Today is final countdown day 13. So, 13 days left.
It's 10:00am and I was already tested. My part-time day job is a pretty neutral zone. No one ever brings in baked goods, we don't celebrate birthday parties with cake, I'm one of two women in the office, so basically if we want to celebrate anything it's up to me to organize it. Food wise, this is great. There's rarely any temptation. But today I left the office to go order new polo shirts. I know, my day-job is like so entertaining I can hardly stand it!! Thank God I have a business I live and breathe for, or else I'd probably shoot myself with bordem. So, I'm out this morning going to order the shirts from the print shop and I'm passing like every fast food, grocery store, starbucks and I wanted to go inside so bad. At first I was like, I'll stop at the starbucks inside of the grocery store and get a plain coffee. I ended up getting a small can of izze (which I'm sort of obsessed with lately) and that's it. Oh boy it took willpower. This wouldn't have been so hard in the beginning of these 12 weeks, but now it takes all the strength I can muster up. A friend of mine said I have a form of senioritis. Like, when you're almost done with school and you suddenly think you have no accountability for anything. It's just like that for me, except even when I'm done with these 12 weeks, I still have many many more to go. You know what? This is fucking hard! Some days it's an hour by hour struggle. It's so much easier to just eat whatever you want, whenever you want.

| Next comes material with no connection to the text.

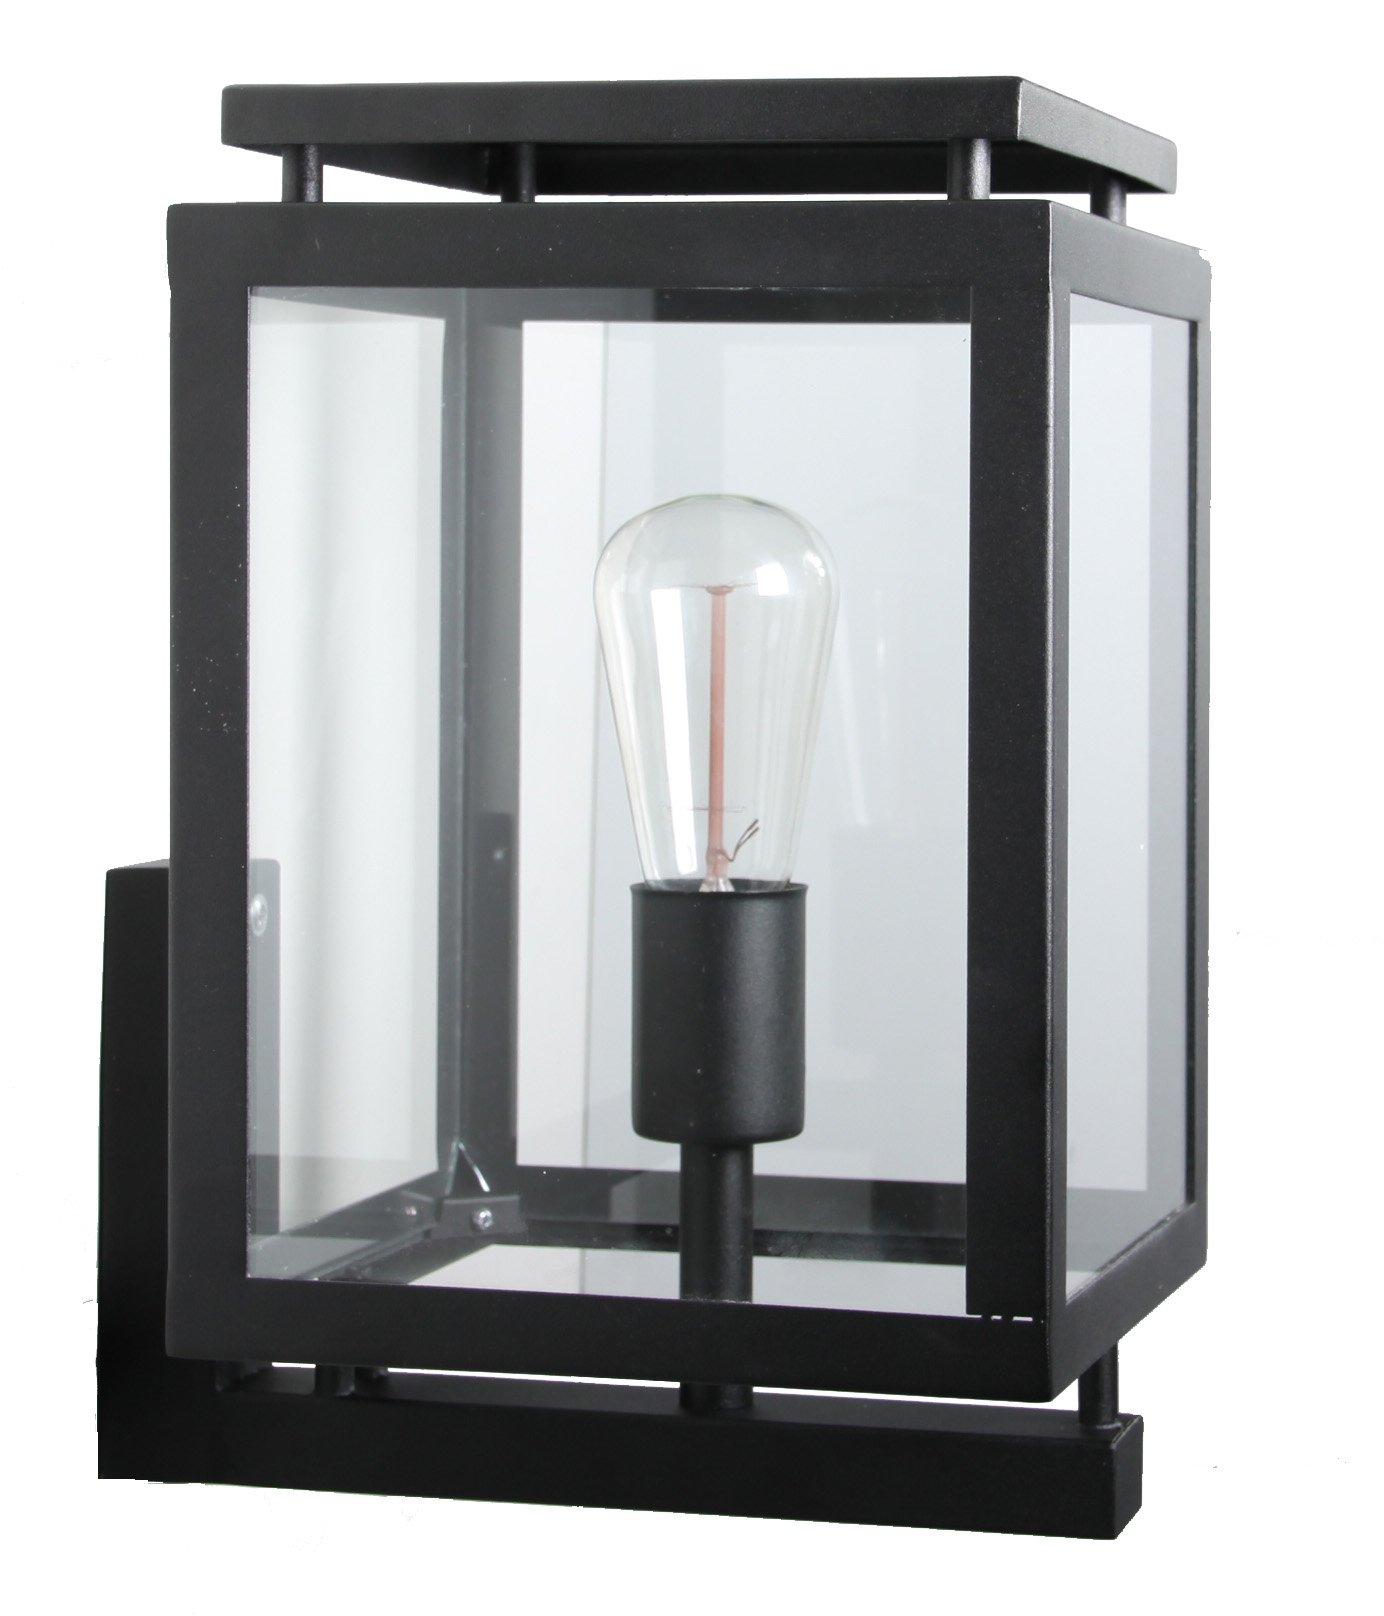 Buitenlamp De Vecht muur van KS Verlichting kopen | LampenTotaal

I suppose what I'm feeling right now (frustration, anger, sadness) is what I expected on some level. I knew that by really following this BFL to a T for the next two weeks would bring up the shit I try and shut down. I wonder why this gets me so angry though? Why do I feel so angry when I deny myself of all that crap food? My counselor said that almost everyone has a food addiction on some level and that almost everyone uses food in ways other than to nourish and fuel the body. She suggested I talk to Scott about this. So the other day we played a little game. It was called "what if." I just made it up as I went along. I said "what if" you were really looking forward to a pizza. Let's pretend you special ordered one from your favorite pizza place in Chicago, your mouth was watering and you were ready to dig into it. Then all of the sudden the pizza you're carrying slips out of your hands and on to the road, then gets run over by a car. How would you feel? He just nonchalantly says... I'd be sort of mad, but I'd get over it pretty fast. Keep in mind, this man lives for pizza. So of course we played like 10 more rounds. I tried to up the anti each time and each time he asked questions like "well why did the pizza fall out the window" or "well why can't I have the chocolate cake?" I was all like... NOT THE POINT BABE, but he wasn't havin' it. I concluded that my husband doesn't get attached to food. He loves pizza and beer and chocolate and cheese steaks, but if all those foods suddenly appeared in front of him and then suddenly disappeared, he'd be fine. FINE, I tell you!
At first I didn't believe him. I thought there was no way he could be that detached from food. Then I realized, uhhh, he is. That's why he's never had a weight problem. That's why it's a lot easier for him to make healthy food choices. How do YOU feel about this? If that were my pizza that fell on the road, I'd throw an internal temper tantrum (and maybe an external one too) then I'd feel like I had to go get the next best pizza I could find, or eat something equally as decadent. I'm realizing that this is obviously not a normal behavior, but it is truthfully all I've ever known. I thought everyone thought like this, but just not everyone acted on every impulse.
I can't answer why I feel so frustrated and angry when I can't eat what I want, but I hope I will gain some insight soon. I don't want to feel like a 6 year old anymore who pitches a fit when she can't get her cookies. I know I've made progress, but damn! DAMN!